Lucene InBuilt Scalar Quantization

asfoorial · August 9, 2024, 7:05am

OpenSearch 2.16.0 introduced InBuilt Scalar Quantization which stores and retrieve quantized vectors automatically. However, I spotted the below mentioned in the documentation. I was expecting this feature to shrink disk space at the cost of small decrease of recall, but according to the documentation it would increase the disk utilization! If that is the case, then what is the use of this feature? And is there a way to keep only the quantized vector and ignore the original?

k-NN vector quantization - OpenSearch Documentation
“Quantization can decrease the memory footprint by a factor of 4 in exchange for some loss in recall. Additionally, quantization slightly increases disk usage because it requires storing both the raw input vectors and the quantized vectors.”

navtat · August 9, 2024, 3:55pm

@asfoorial Thanks for your question. We need to store the raw vectors along with quantized vectors because during forcemerge or if the distribution of the input data to be ingested changes over the period of time, the quantiles will change and might need to recompute the quantiles and requantize the data (using raw vectors).

The motive of this feature is to reduce memory utilization and quantize the data dynamically, unlike the Lucene byte vector feature where users needs to quantize the data into byte range before ingesting into the index which has become a bottleneck if the min max values or distribution of their input float data changes over the period of time.

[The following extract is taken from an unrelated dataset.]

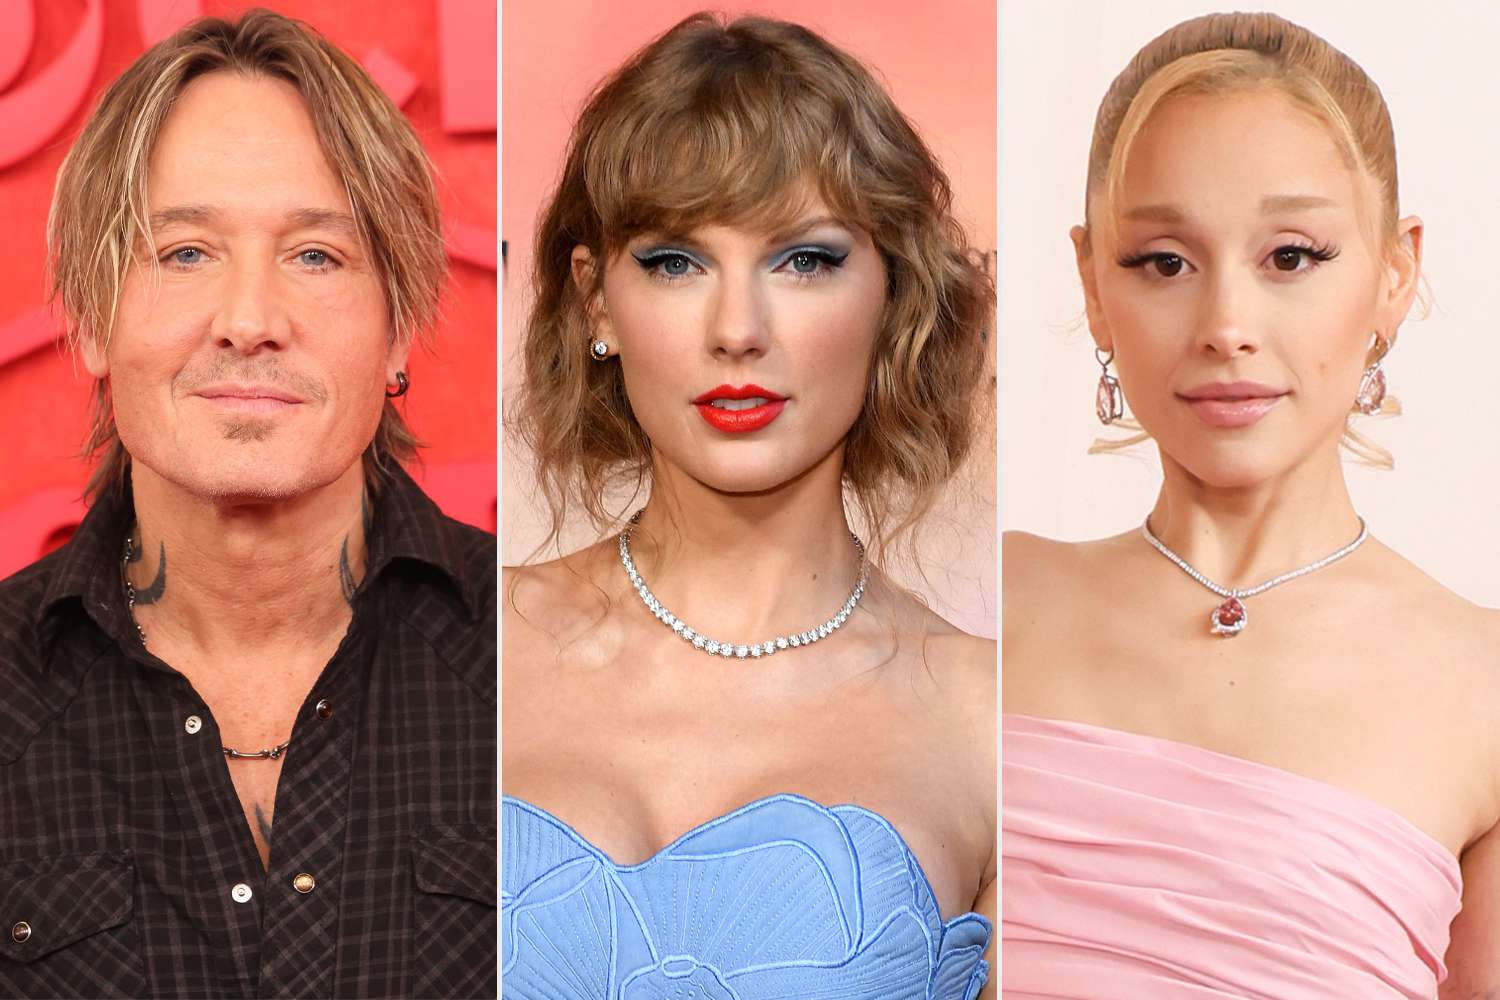 Keith Urban Dishes on 'Extraordinary' Taylor Swift and His Ariana Grande 'Obsession' (Exclusive)

Also, memory is expensive compared to disk. But, if you are concerned about disk usage then this feature comes with a tradeoff.

yeonghyeonKo · August 12, 2024, 11:41am

Is your goal just doing Semantic Search, not Hybrid Search which is a combination of Semantic and Lexical(aka keyword) search?

asfoorial · August 12, 2024, 12:28pm

My search can combine both. But let us assume that I am only using semantic search only, is there a way to avoid storing the original vector and keep only the quantized version, just like it is done in faiss scalar quantization? I noticed around a 25% shrink in storage size there.

navtat · August 12, 2024, 4:14pm

Then you should quantize the vectors into byte sized vectors before ingesting into the index and use the lucene byte vector feature. This helps to reduce both memory and disk usage besides reducing latencies at a cost of drop in recall.

asfoorial · August 12, 2024, 4:54pm

The problem with external quantization is that I won’t be able to use neural-search query.

Also, is there a way to perform quantization through ml-common?

navtat · August 12, 2024, 5:27pm

Yes, there is an option through ml-commons using cohere-v3 model. Please take a look at this tutorial
ml-commons/docs/tutorials/semantic_search/semantic_search_with_byte_quantized_vector.md at main · opensearch-project/ml-commons · GitHub?

asfoorial · August 12, 2024, 6:59pm

Unfortunately that requires internet connectivity. I need to do that offline. But thanks for sharing this interesting tutorial, worth exploring.

Could you please confirm if neural-search can work with any byte vector option?

navtat · August 12, 2024, 10:31pm

Lucene byte vector will work with neural-search. Can you pls explain what are your limitations to use it with neural-search ?

yeonghyeonKo · August 13, 2024, 1:06am

I think @asfoorial can reduce disk usage via Lucene’s byte_vector, but since cohere api needs external internet connection to https://api.cohere.ai/v1/embed, the offline environment cannot deal with this method.

yeonghyeonKo · August 16, 2024, 6:12am

@navtat
From the version 2.16,
the k-NN plugin supports built-in scalar quantization for the Lucene engine. Unlike the Lucene byte vector, which requires you to quantize vectors before ingesting the documents, the Lucene scalar quantizer quantizes input vectors in OpenSearch during ingestion.

yeonghyeonKo · August 16, 2024, 6:20am

When defining an index for vector search, you can omit _source of vector field using “excludes” and “recovery_source_excludes” settings. Since Lucene-based engines(OpenSearch, Elasticsearch) store original data as ‘_source’ field, we can easily reindex existed indices.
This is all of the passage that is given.